The product of first ‘n’ natural numbers is denoted by n!.

n! = n(n-1) (n-2) ………………..3.2.1.

**Example**

5! = 5 x 4 x 3 x 2 x 1 =120

Note 0! = 1

Proof n! =n, (n-1)!

Or (n-1)! = [n x (n-1)!]/n = n! /n

Putting n = 1, we have

0! = 1!/1

or 0! = 1

**Example**

(n+2)!=2550 X n!

Solution:

(n+2)!=2550 X n!

(n+2)(n+1)n!=2550 X n!

Canceling n!

(n+2)(n+1)=2550

N=49

**Addition rule **: If an job can be performed in ‘n’ ways, & another job can be performed in ‘m’ ways then either of the two jobs can be performed in (m+n) ways. This rule can be extended to any finite number of jobs.

**Example**: In a class 12 , 20 students are from Maths streams while 30 students are from Biology stream.

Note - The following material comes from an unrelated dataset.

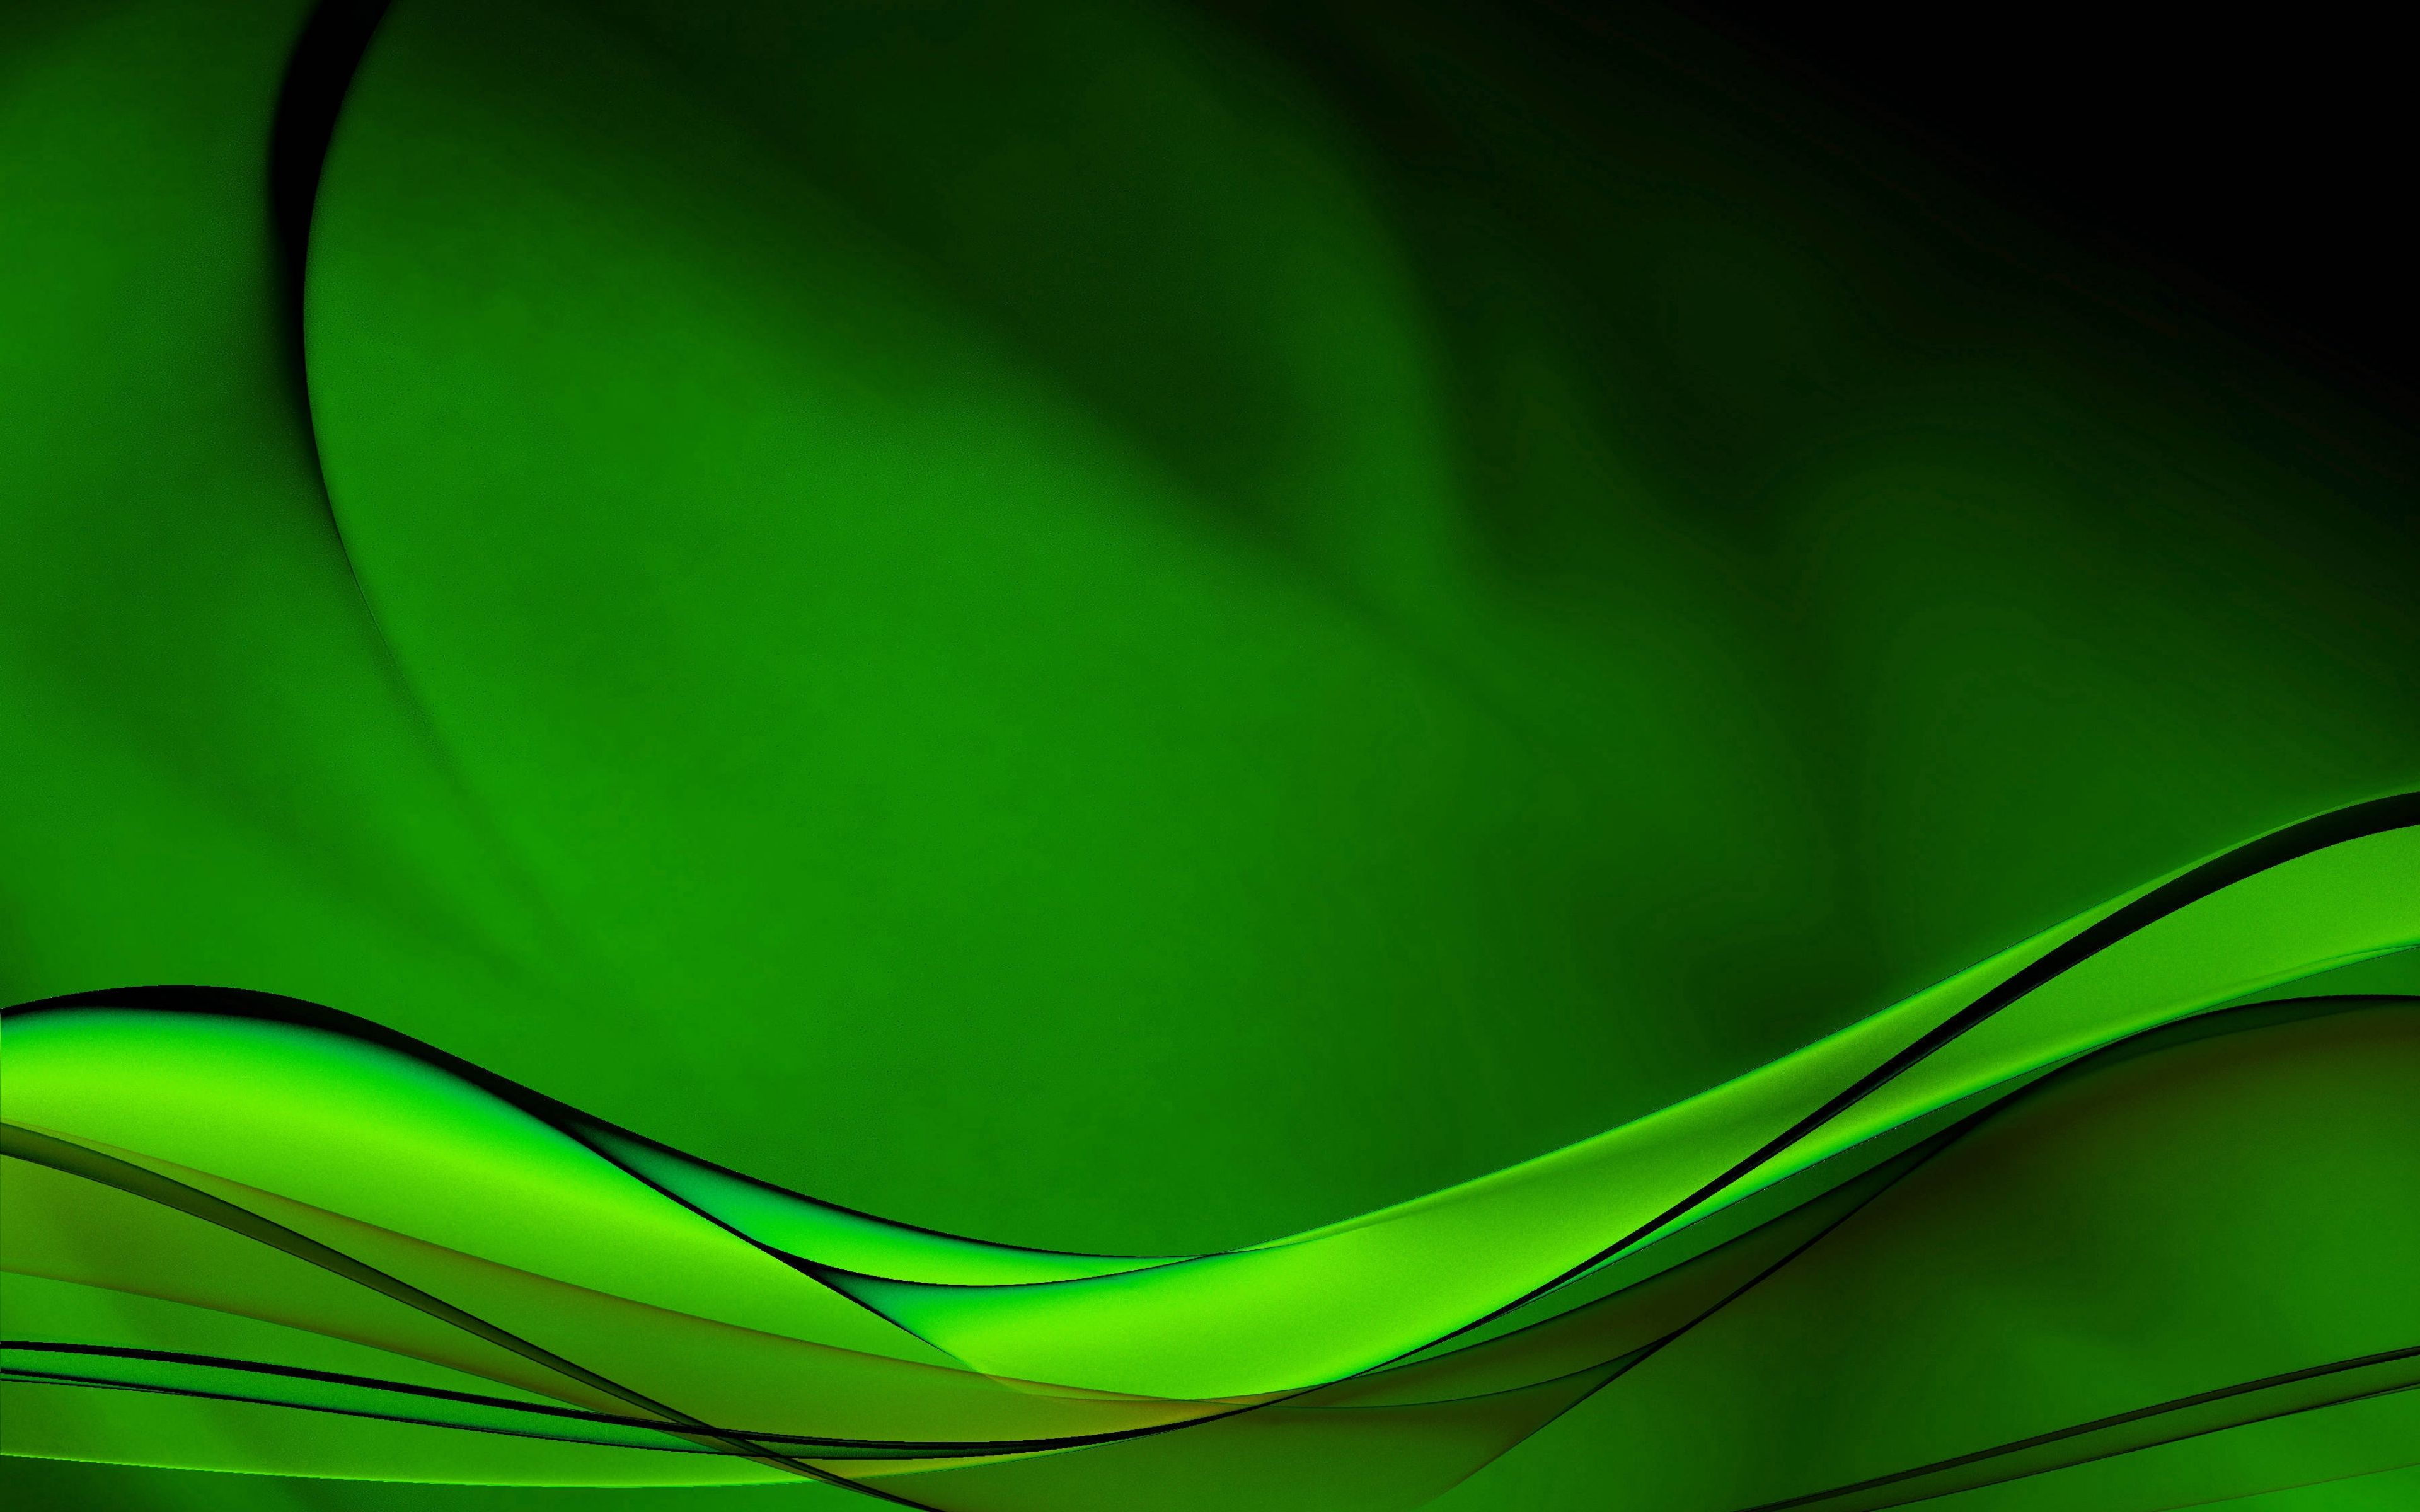 Green background hd wallpapers pulse wallpaper in wallpaper
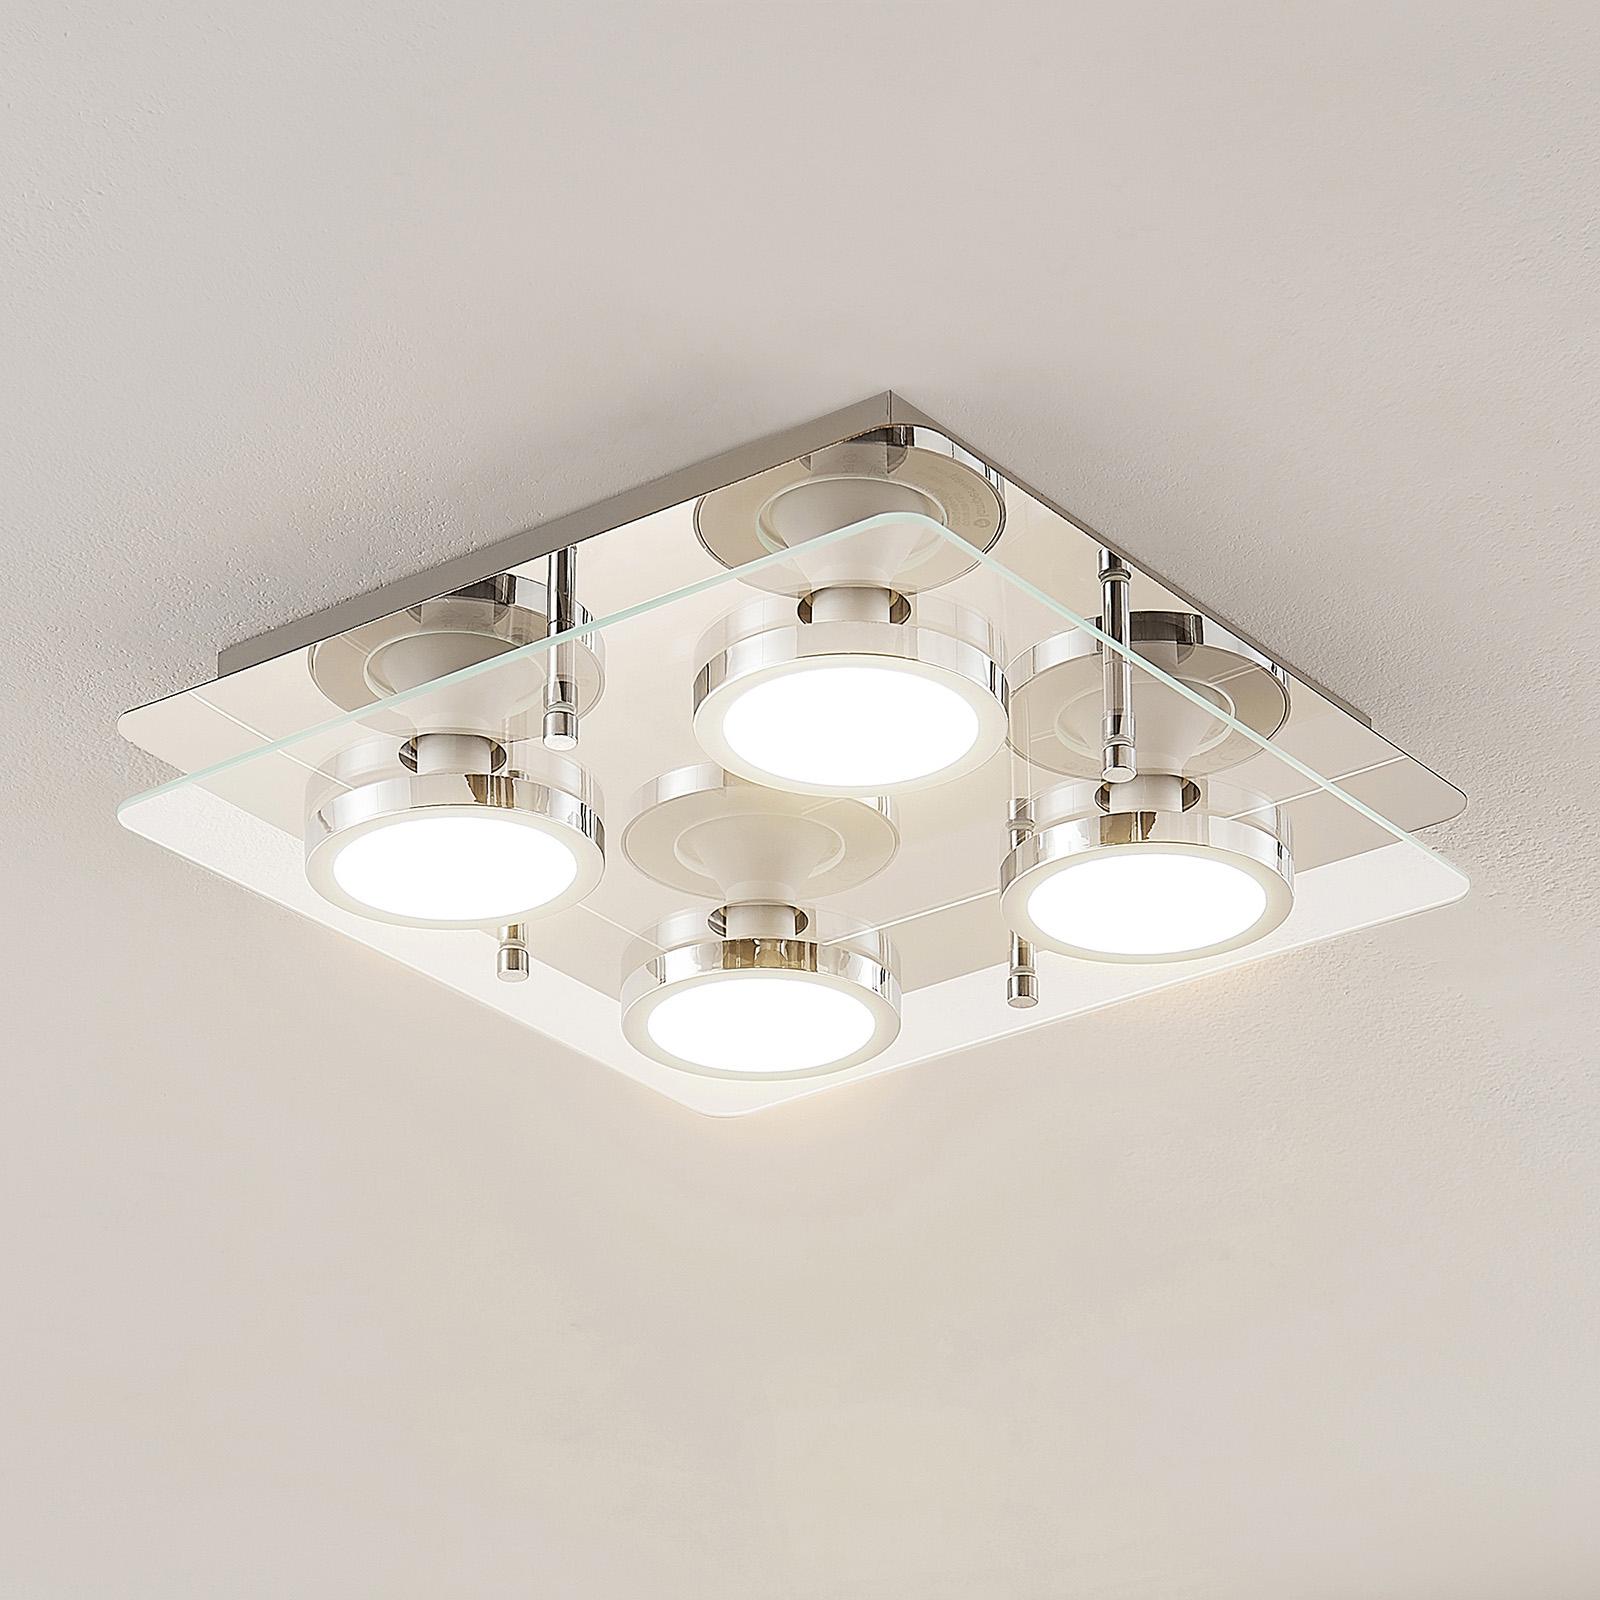 Lindby Gabryl LED -kattovalaisin, nelilamppuinen

Teacher has to choose 1 student either from Maths stream or Biology stream to represent the class

What ways the selection can be made?

**Solution:**

20 students are from Maths:

Students can be chosen from Maths stream in 20 ways

30 students are from Biology stream

Students can be chosen from Biology stream in 30 ways

So by the Fundamental Principle of addition rule, the selection of 1 student from either of two streams can be done (20+30)=50 ways

**Multiplication Rule **: If a work can be done in m ways, another work can be done in ‘n’ ways, then both of the operations can be performed in m x n ways. It can be extended to any finite number of operations

**Example:** In a class 12 , 20 students are from Maths streams while 30 students are from Biology stream.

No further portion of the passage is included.